Goodbye

February 6, 2012

Susan Niebur passed away on February 6, 2012 after a lifetime of love, crusades, and strength.  Over the last five years she lived with inflammatory breast cancer, a rare and aggressive form of breast cancer that presents without a lump.  She chronicled her life with cancer here on her blog Toddler Planet with honesty and emotion that were even more rare and aggressive.

She is survived by her family, friends, achievements, and the indelible marks she made on people around the world.  In lieu of flowers, please consider furthering Susan’s legacy through a contribution to the Inflammatory Breast Cancer Research Foundation.  Or please choose to make a difference somewhere, anywhere, to anyone.

I can’t begin to describe how her friends, those physically nearby and those she knew only on the internet, enabled her to carry on through five years of treatment and recurrence.  Many of you have commented on Susan’s strength and grace, but these were traits that she pulled from all of you.

Thank you all,

Curt Niebur  (WhyDaddy)


Inflammatory Breast Cancer: Genetic Origins?

September 9, 2011

For years, now, I’ve beaten myself up over how and why I got inflammatory breast cancer (IBC).  Was it that I drank too many diet cokes while studying for college exams?  Was it that I worked in a physics department and there was more than one mercury spill in the lab, unbeknownst to me?  Was it the water we swam in off the Maryland coast when I was so very pregnant, where we saw the industrial plant nearby as we were leaving?  Did I eat too many cheese-its and other processed food?  Why, God, why?

Ahem.

I may have overreacted, back when I was first diagnosed and new to the topic, and of course at each recurrence — it’s only natural.

But we do know a few things about the origins of cancer.  In addition to a person’s actions and direct exposures (like Chernobyl and other disasters), some cancers have environmental origins, which an individual can do little about.  Some cancers are exacerbated by lifestyle factors, like smoking, overeating, and lack of exercise.  We know that now, and we know that we all can reduce our risk of cancer by eating fresh foods, by exercising, and by keeping our weight at a reasonable figure.  There is one more promising source, though, that we haven’t yet been able to do much about yet, and that’s genetics.  Some people have a gene that causes cells to mutate and grow more quickly than typical cells, and some of those people will develop precancers and full-blown cancers (and that sucks!).
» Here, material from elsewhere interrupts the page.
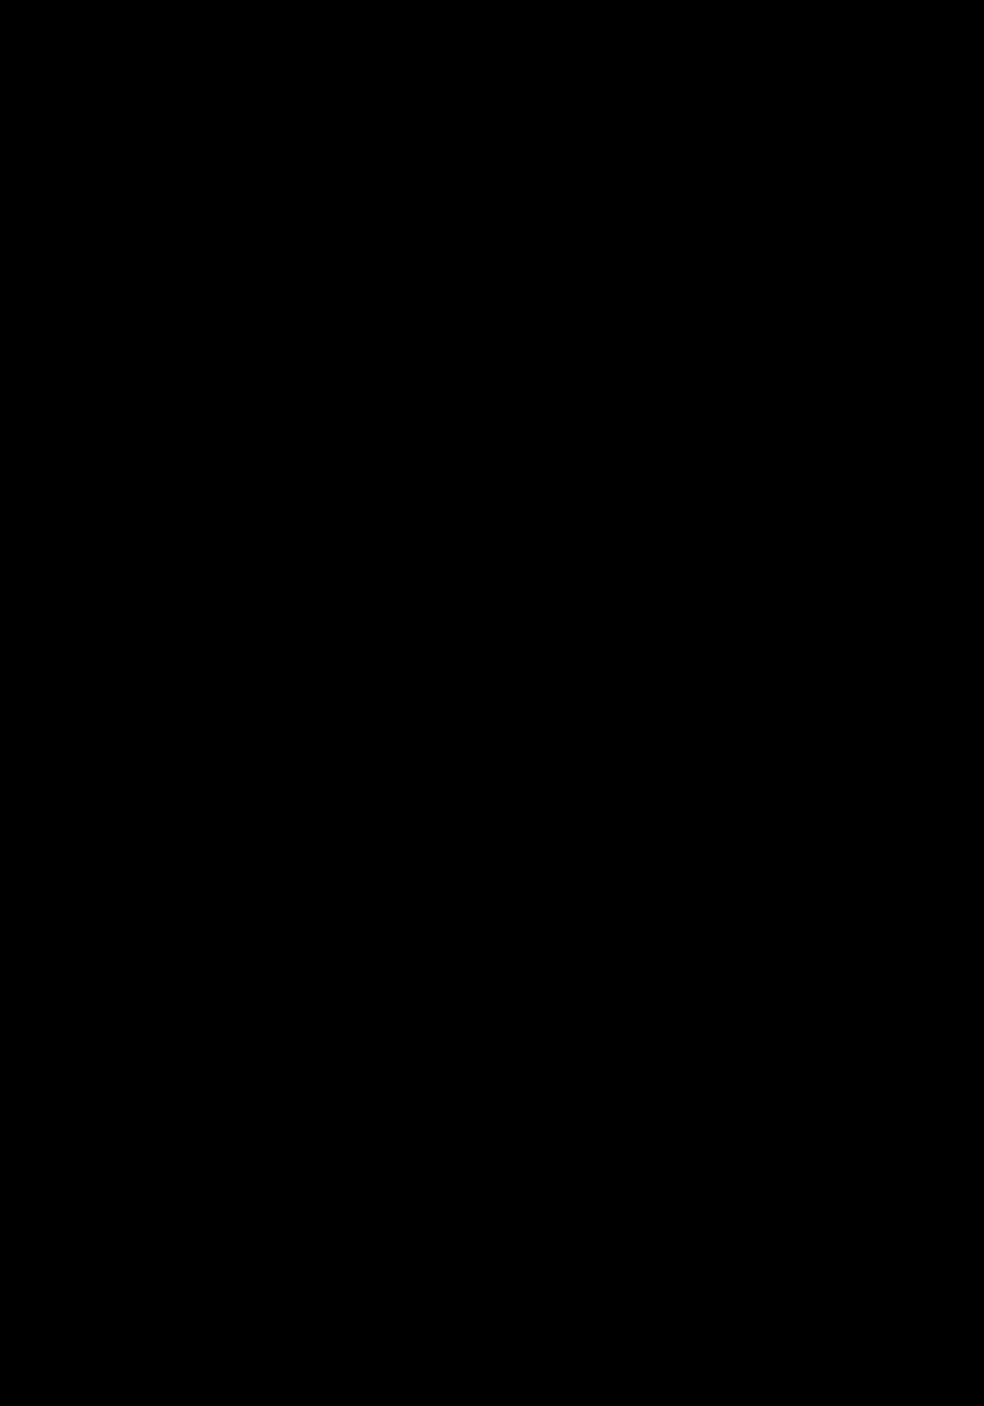 淡古印 AL-KL 縦組見本

The IBC Research Foundation announced today that they have raised $50,000 and given a research grant to Dr. Heather Cunliffe, Ph.D., to determine the genetic origins of triple-negative IBC.  My hands are shaking as I type this.  This is what we’ve wanted and needed – this is REAL hope.  Not pink-ribbon hope, but REAL hope to find a cause, and then a cure, for inflammatory breast cancer, which still kills half of the people it plagues within 5 years.

This is what I’ve been waiting for.  And all it took was $50,000 in donations.

One of which was mine.

I’m adding Dr. Cunliffe to my prayers this week.  I pray that she stay strong, and dedicated, and that she have the right tools and support to FIND the GENE that causes my cancer, and that that knowledge then can be USED by her or others to find out how to turn it off.

So that others don’t have to suffer.

I’m over the moon about this news, and I wanted to share this with you — even at the risk of trolls appearing in my comments telling me that I did, actually, cause my cancer by snacking on diet coke and cheese-its.  This news isn’t about me.  It’s about reducing risk for those who come after me, and it is WONDERFUL news!

TGen Receives $50,000 to Find Genetic Origins of Rare Breast Cancer

PHOENIX, Ariz. – Sept. 7, 2011 – The Inflammatory Breast Cancer Research Foundation (IBCRF) has awarded $50,000 to the Translational Genomics Research Institute (TGen) to discover the genetic origins of this rare and most deadly form of breast cancer.

Unlike other types of breast cancer, Inflammatory Breast Cancer (IBC) is very often misdiagnosed, and rapidly progresses to an advanced stage, said Dr. Heather Cunliffe, Head of TGen’s Breast & Ovarian Cancer Research Unit. “No one knows what causes IBC and what drives the aggressive nature of this disease,” Dr. Cunliffe said. “You can wake up one morning and out of the blue your breast will be twice its normal size, red and inflamed with full blown Inflammatory Breast Cancer.”

To read the rest of the press release go to:
http://www.tgen.org/news/index.cfm?newsid=1991

Congratulations, Dr. Cunliffe, and THANK YOU, IBC Research Foundation!

To donate, visit the IBC Research Foundation‘s website; if you wish, you can mark your check “for research.”  I did, and I’m so excited to see how my donation and others are being used!